RECORDED INFORMATION:
◇ ◇ ◇ ◇ ◇
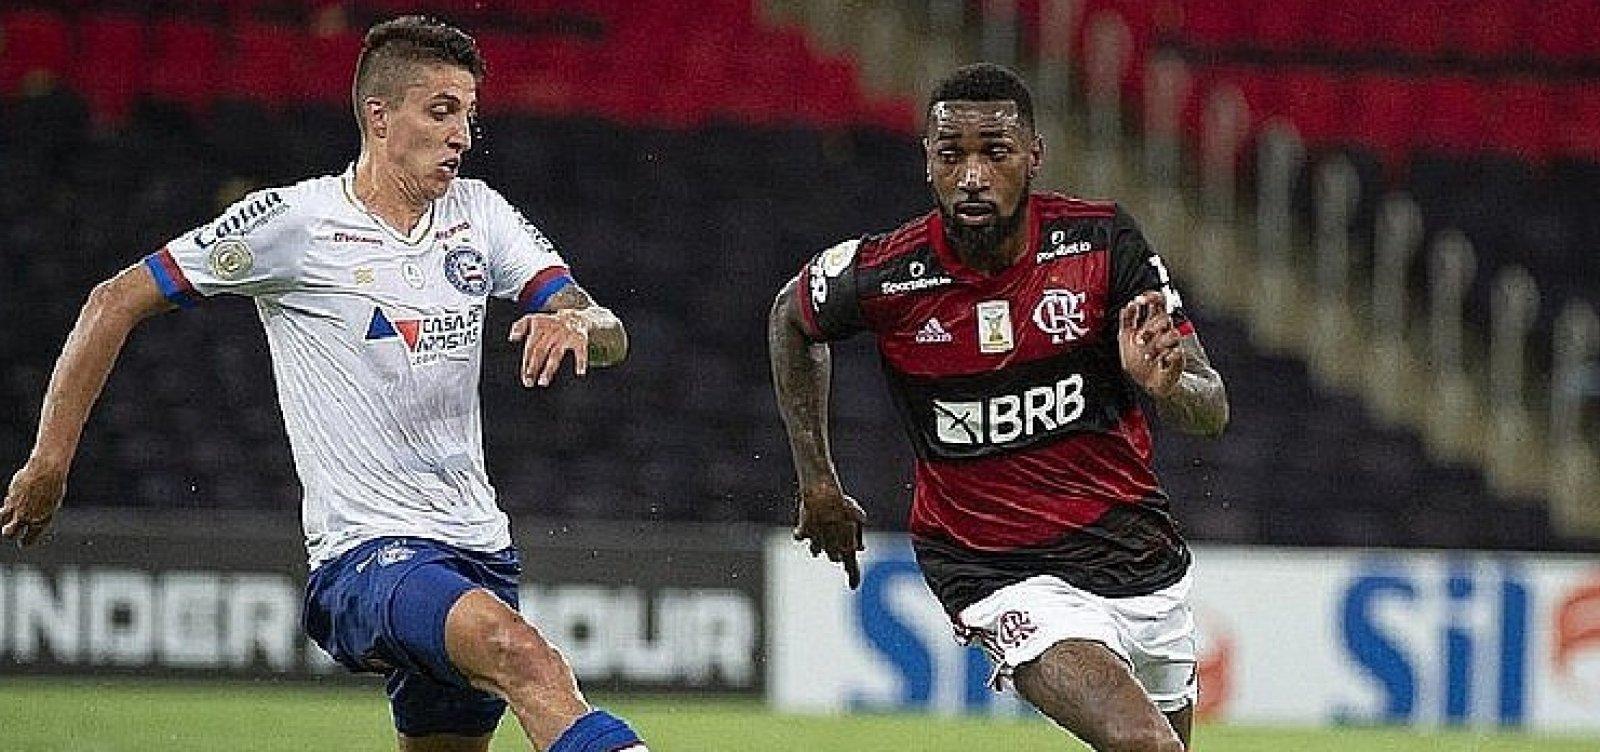 [Bahia defende Ramirez após indiciamento por racismo]
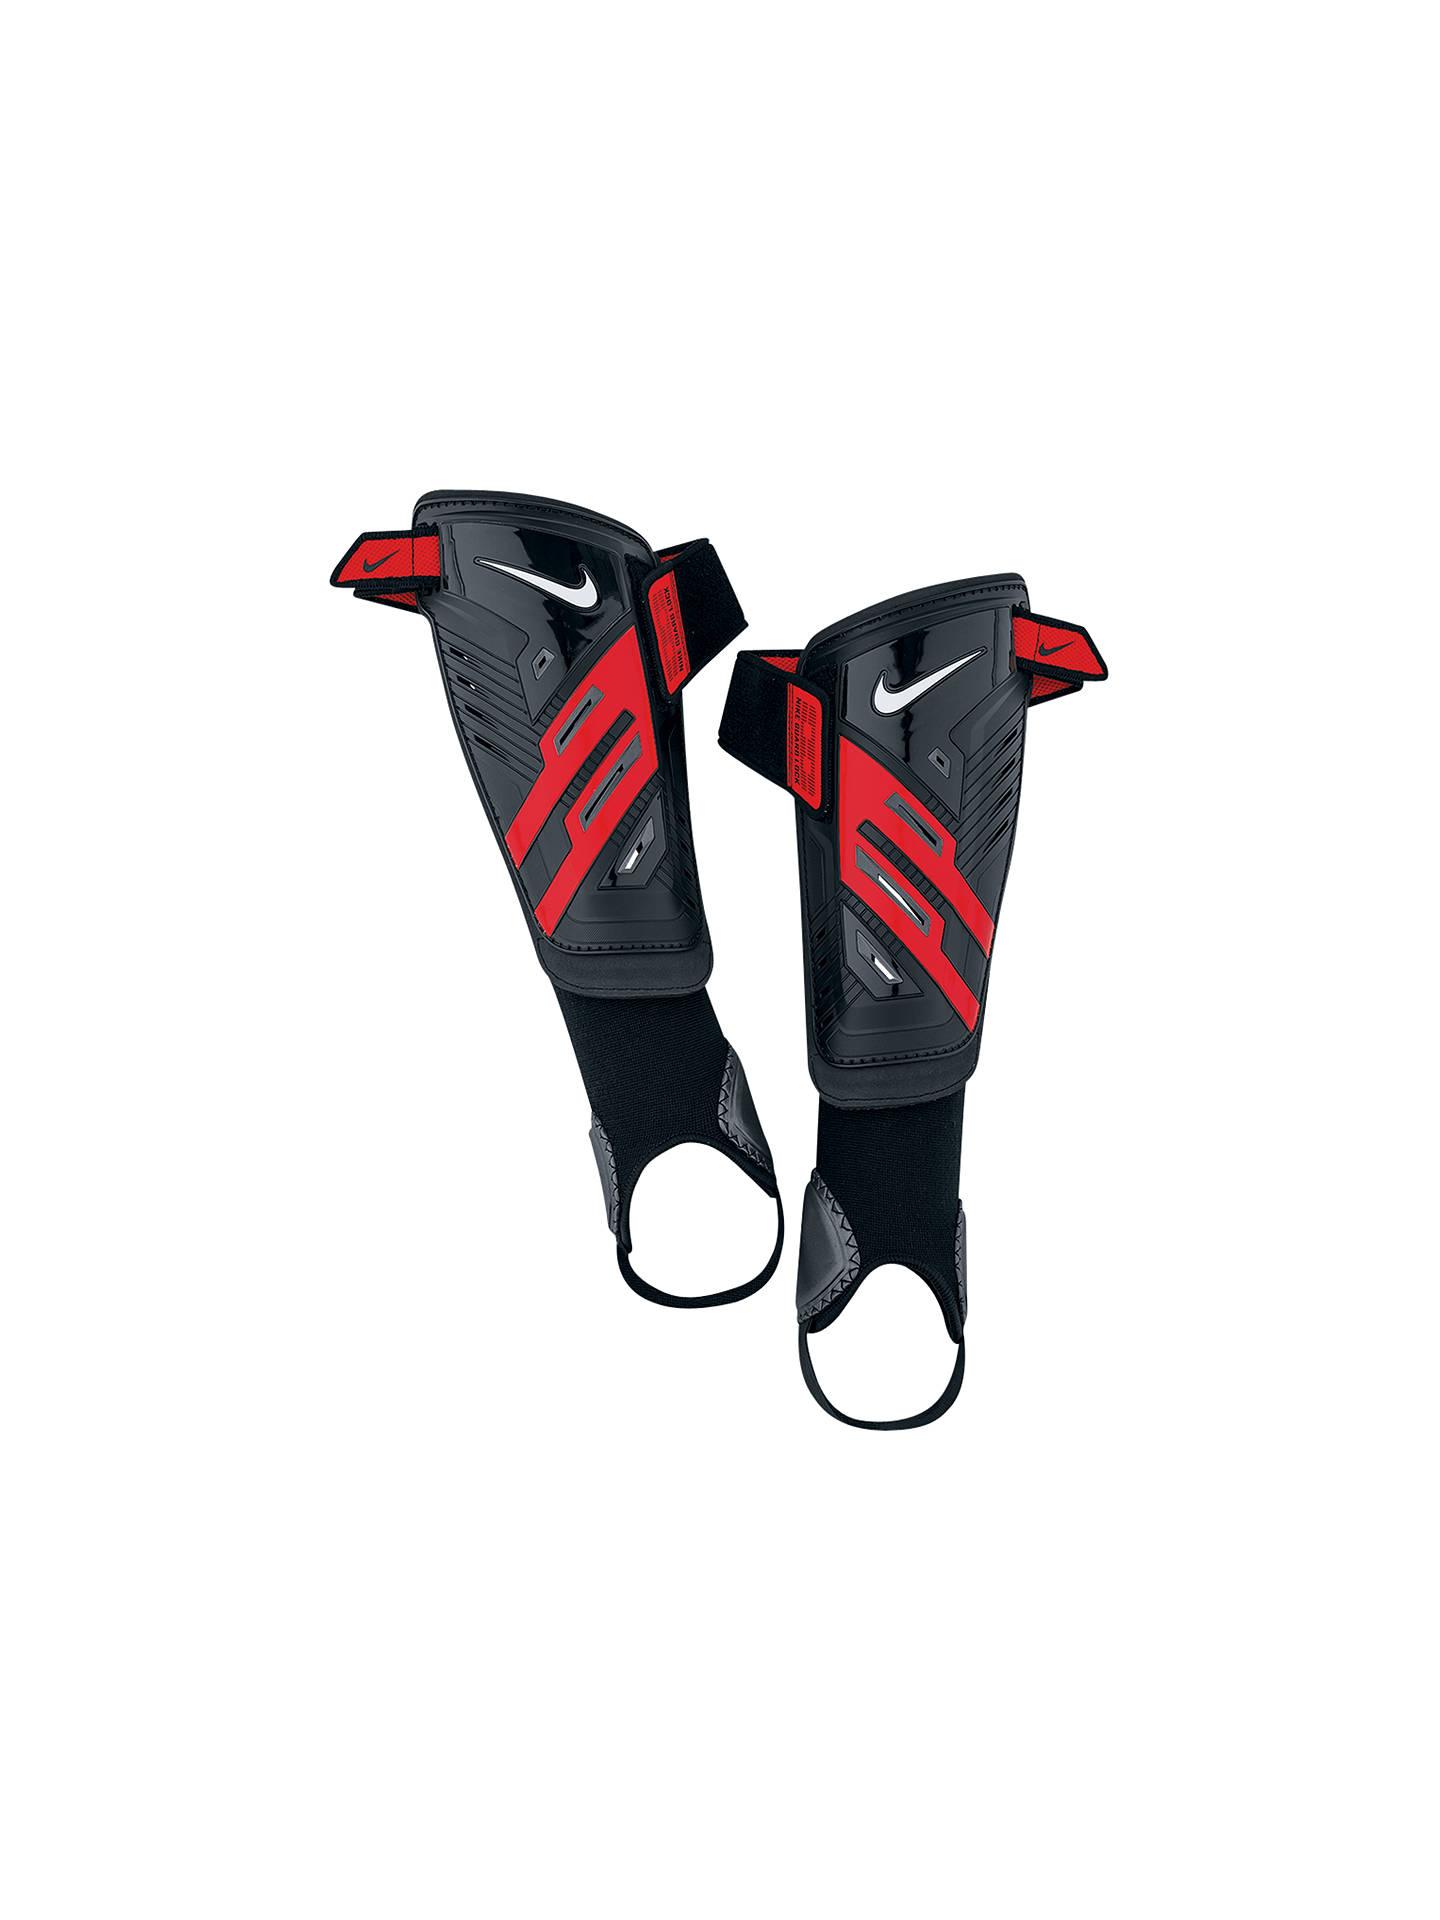 travesura máximo Beca  Nike Protegga Shield Shin Pads, Black/Red at John Lewis & Partners
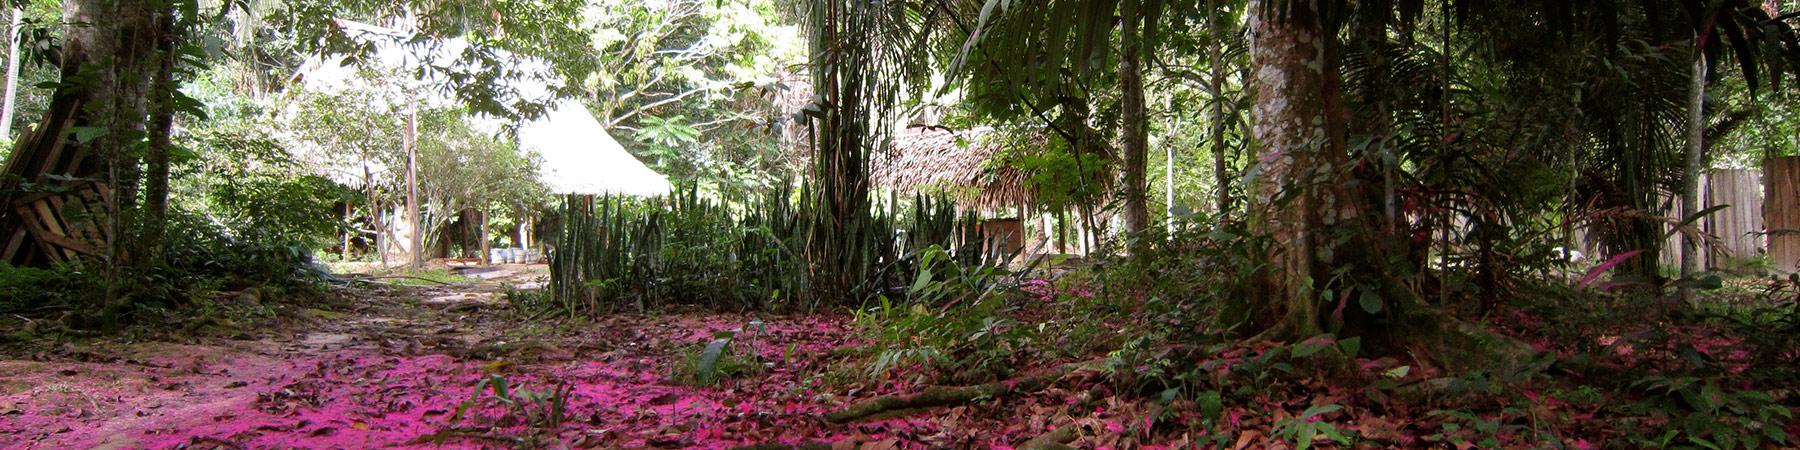 ABOUT US - Ayahuasca Retreat in Peru at the Nimea Kaya
◇ ◇ ◇ ◇ ◇
TASK DIRECTIONS: Your copy should match the listing exactly, apart from the pictures it leaves out.

TASK SOLUTION:
 [Bahia defende Ramirez após indiciamento por racismo]
 travesura máximo Beca  Nike Protegga Shield Shin Pads, Black/Red at John Lewis & Partners
 ABOUT US - Ayahuasca Retreat in Peru at the Nimea Kaya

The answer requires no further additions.